A co-evolutionary hybrid algorithm for multi-objective optimization of gene regulatory network models

In this paper, the parameters of a genetic network for rice flowering time control have been estimated using a multi-objective genetic algorithm approach. We have modified the recently introduced concept of fuzzy dominance to hybridize the well-known Nelder Mead Simplex algorithm for better exploitation with a multi-objective genetic algorithm. A co-evolutionary approach is proposed to adapt the fuzzy dominance parameters. Additional changes to the previous approach have also been incorporated here for faster convergence, including elitism. Our results suggest that this hybrid algorithm performs significantly better than NSGA-II, a standard algorithm for multi-objective optimization.

Simultaneous structure discovery and parameter estimation in gene networks using a multi-objective GP-PSO hybrid approach

This paper presents a hybrid algorithm based on Genetic Programming (GP) and Particle Swarm Optimisation (PSO) for the automated recovery of gene network structure. It uses gene expression time series data as well as phenotypic data pertaining to plant flowering time as its input data. The algorithm then attempts to discover simple structures to approximate the plant gene regulatory networks that produce model gene expressions and flowering times that closely resemble the input data. To show the efficacy of the proposed approach, simulation results applied to flowering time control in Arabidopsis thaliana are demonstrated and discussed.

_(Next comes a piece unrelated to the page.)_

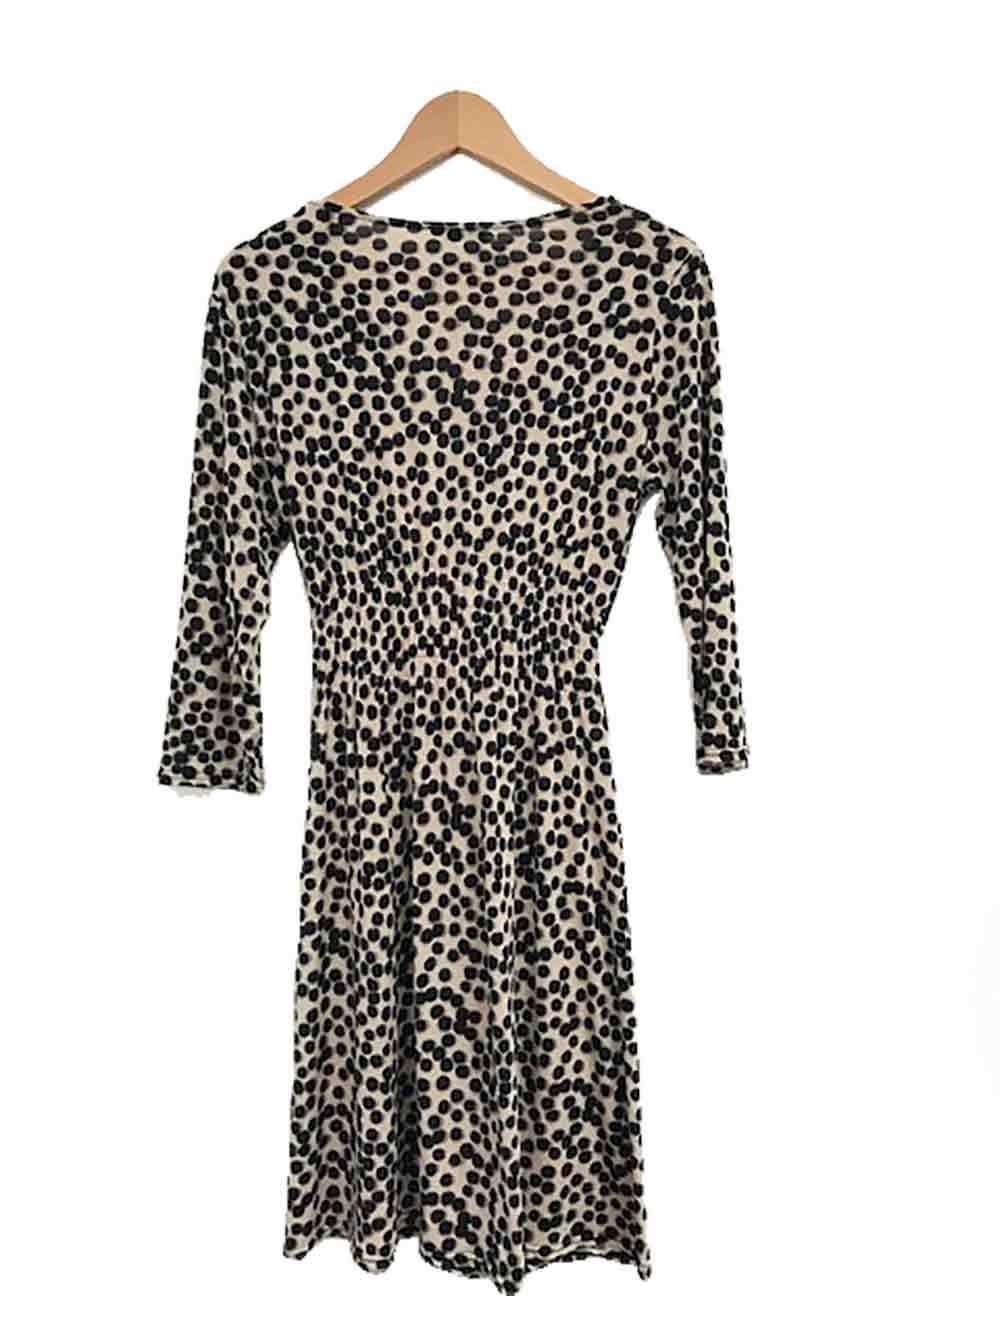 Designer Egerie Paris VTG Size 10 to to to 12 AU Animal Print Perfect Women's Dress 05c458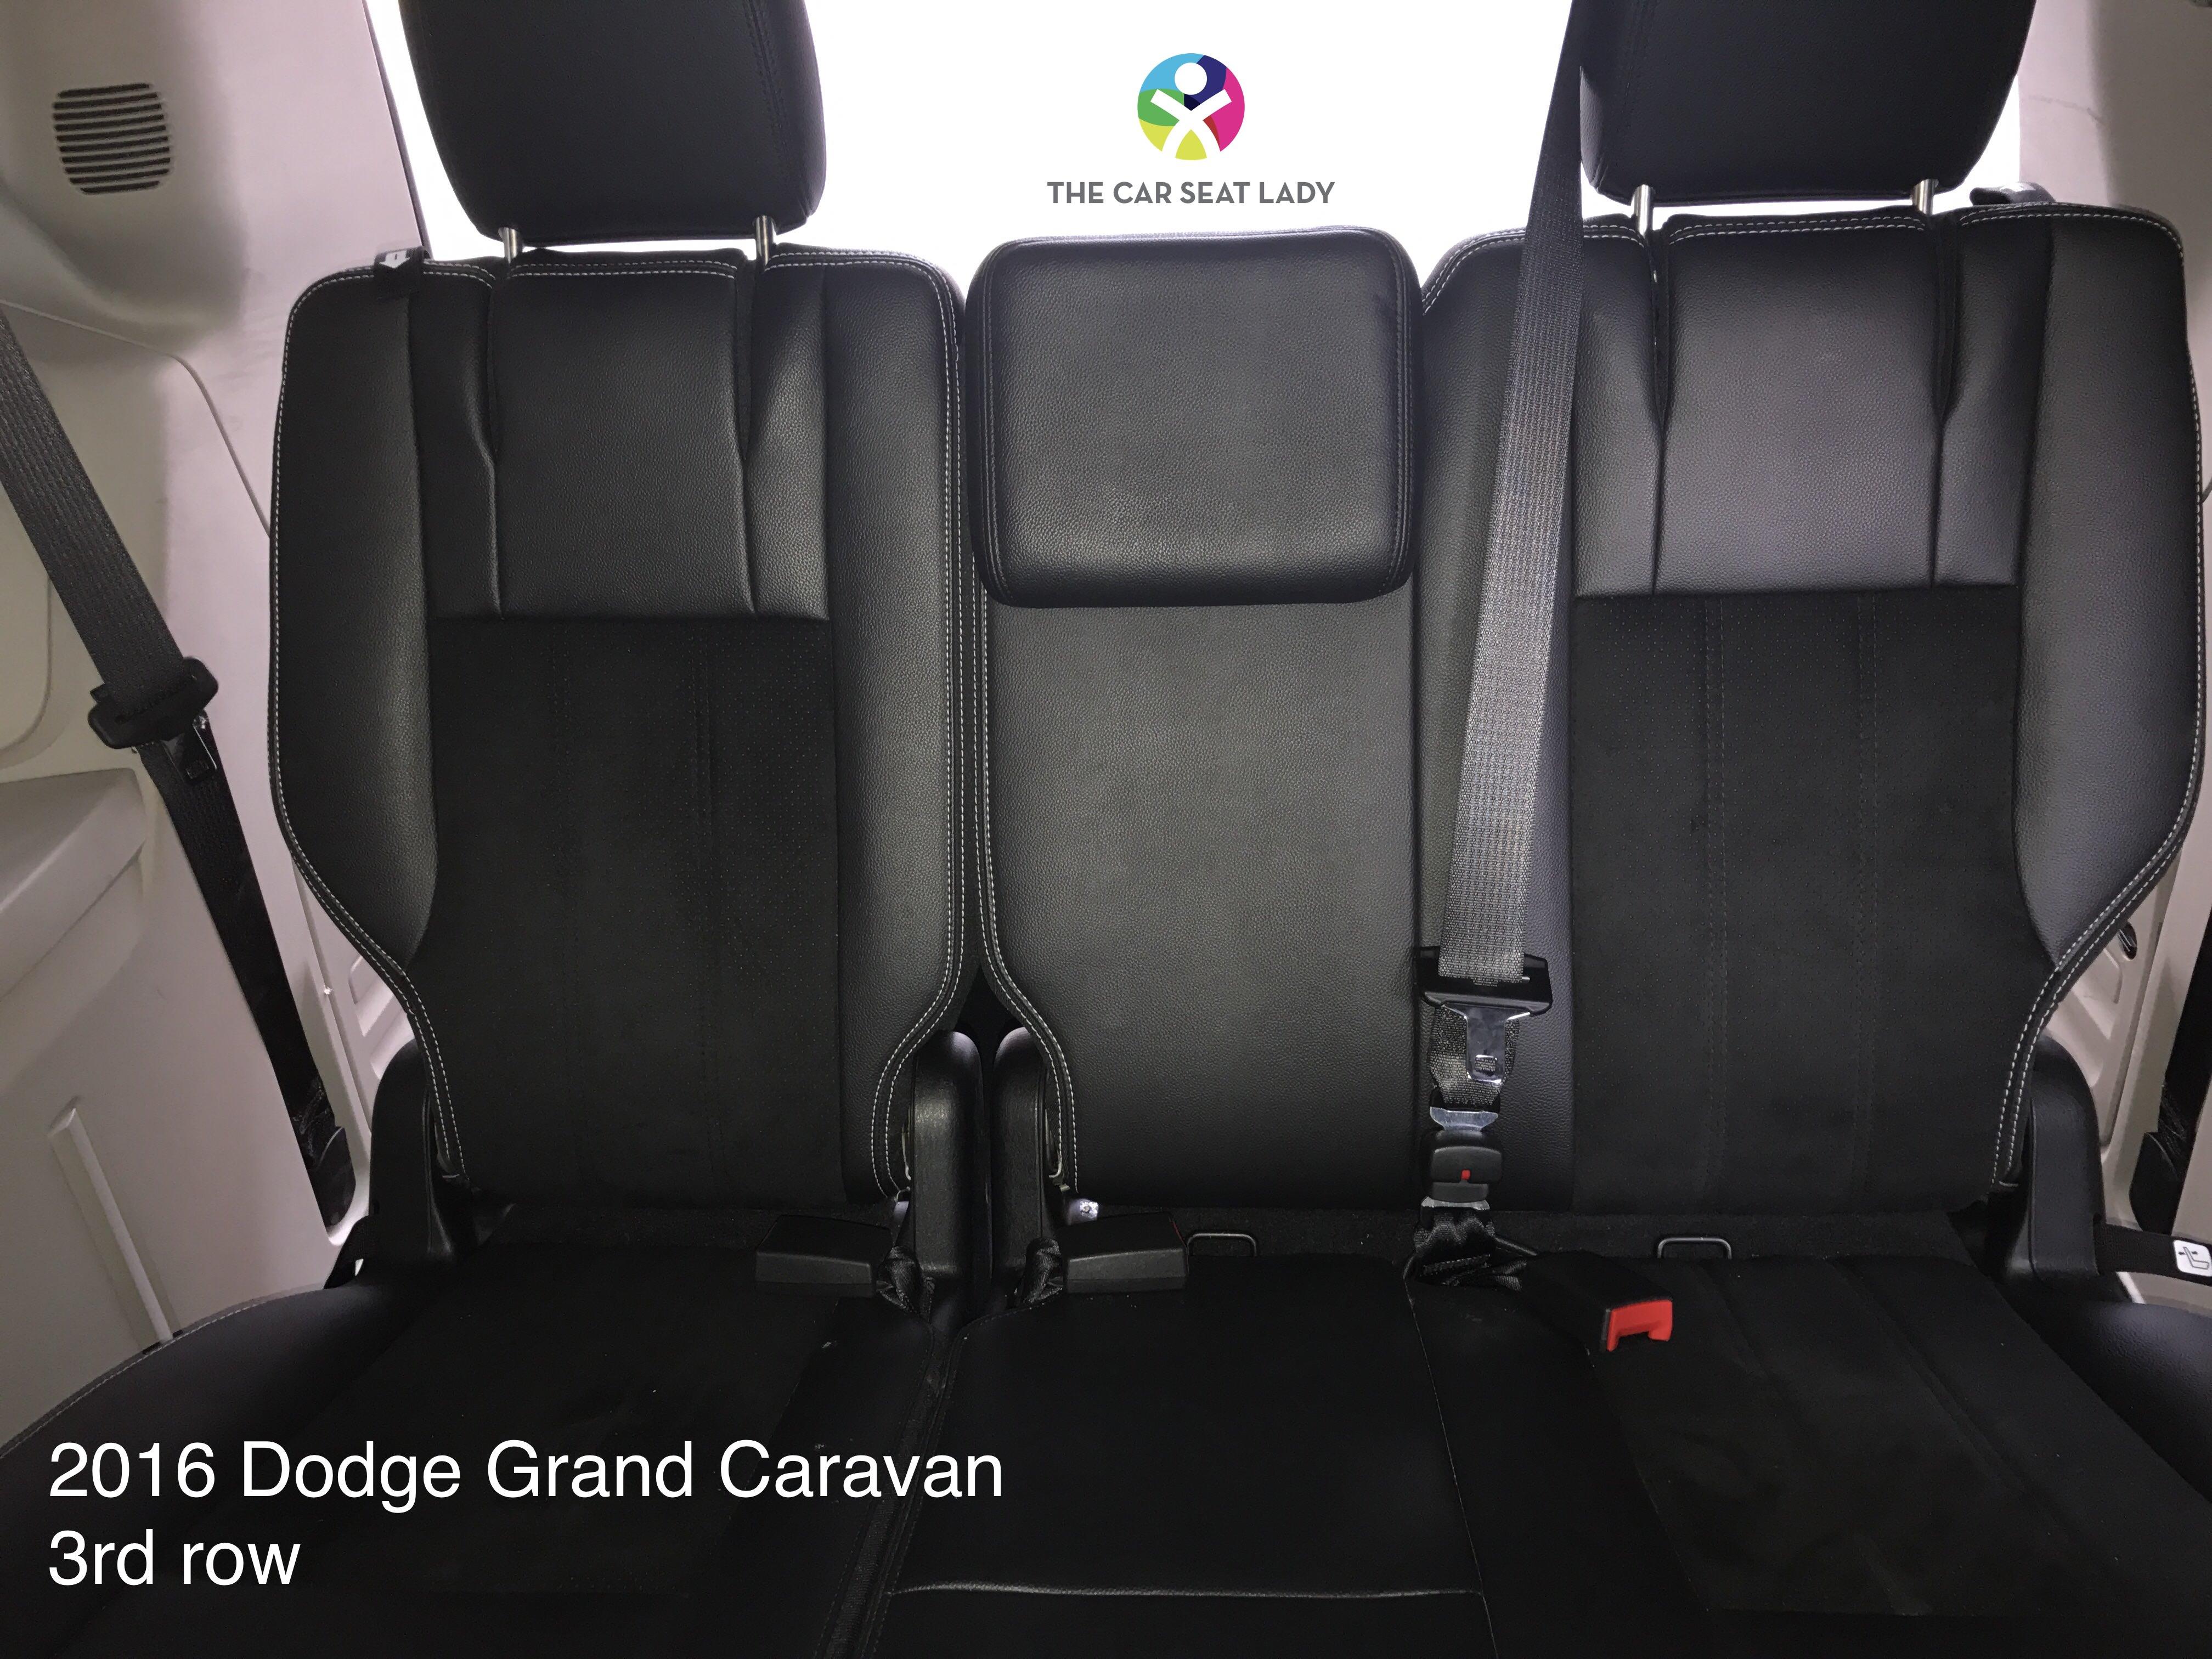 The Car Seat Lady Dodge Grand Caravan

A particle swarm optimization approach for estimating parameter confidence regions

Point estimates of the parameters in real world models convey valuable information about the actual system. However, parameter comparisons and/or statistical inference requires determination of parameter space confidence regions in addition to point estimates. In most practical applications, the relation of the parameters to model fitness is highly nonlinear and noisy data leads to further deviations. Thus the confidence regions obtained by using locally linearized models are often misleading. Uniform covering by probabilistic rejection (UCPR) is a robust technique that has been developed to solve this problem, and has been proven to be more efficient than other approximate random search techniques. In this paper, we propose a contour particle swarm optimization (C-PSO) technique and compare its performance against UCPR in predicting the confidence regions. Results indicate that for problems with low number of parameters, both the algorithms are quite comparable. However, real world models such as genetic networks have a large number of parameters and the UCPR fails in finding good convergence due to its limited search capabilities. In such problems, the C-PSO technique was able to find the confidence regions with better resolution and efficiency.

Discovering structures in gene regulatory networks using genetic programming and particle swarms

In this paper, we describe a Genetic Programming and Particle Swarm Hybrid algorithm for Gene Network discovery.